Paxil (Paroxetine) Addiction/Abuse
Although SSRIs are most commonly prescribed for the treatment of depression, other applications of the drug include the treatment of social anxiety disorder (SAD), obsessive-compulsive disorder (OCD), post-traumatic stress disorder (PTSD), premenstrual dysphoric disorder (PDD) and generalized anxiety disorder (GAD). Occasionally, doctors will prescribe paroxetine to reduce the severity of hot flashes and night sweats associated with menopause. Serotonin is the primary neurotransmitter that promotes feelings of general well-being. Serotonin only becomes effective when it gets released into the synaptic gap between neurons. Once there, it triggers serotonin receptor sites to reduce feelings of depression. Paroxetine increases the length of time that serotonin spends in the synaptic gap. This is where SSRIs get their name. Paxil delays the reuptake of serotonin so that it spends more time outside of the neurons and acting on serotonin receptors. When first starting to take paroxetine, it’s important to be vigilant for thoughts of suicide. It can take several weeks after first taking paroxetine before it builds up in the body and begins to take effect. This period spent in limbo can be a risky time for some patients. Doctors are aware of the likelihood of suicidal thoughts and are trained to look for signs.

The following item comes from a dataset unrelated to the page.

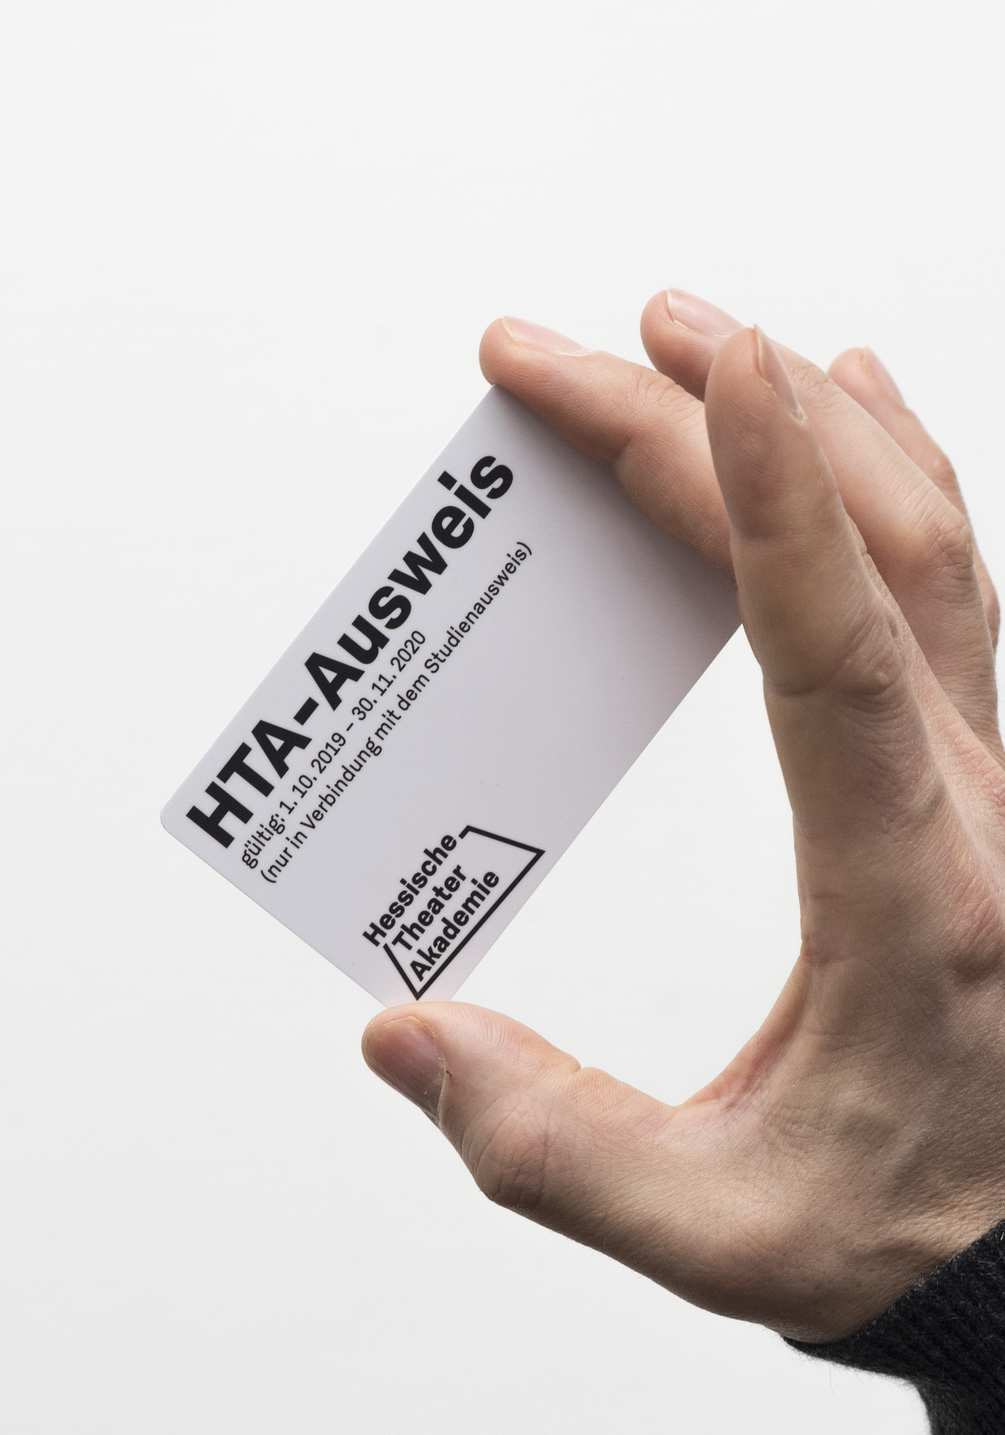 hta-badge-6-1005x1435px

Paxil is not considered to be an addictive substance according to the U.S. government and common medical opinion. Patients who are entering drug or alcohol recovery programs are generally advised to continue taking Paxil throughout the course of their treatment. Withdrawals from paroxetine would only further stress a brain that’s already working hard to reorganize itself in recovery. It’s also common for patients not formerly taking Paxil to have it prescribed when they start a recovery program. Addiction to drugs and alcohol often coincides with mental health disorders like obsessive-compulsive disorder, anxiety, depression and post-traumatic stress disorder. Having paroxetine present in the body can help offset some of the more severe symptoms of withdrawal from opiates, benzodiazepines, alcohol and various other addictive substances.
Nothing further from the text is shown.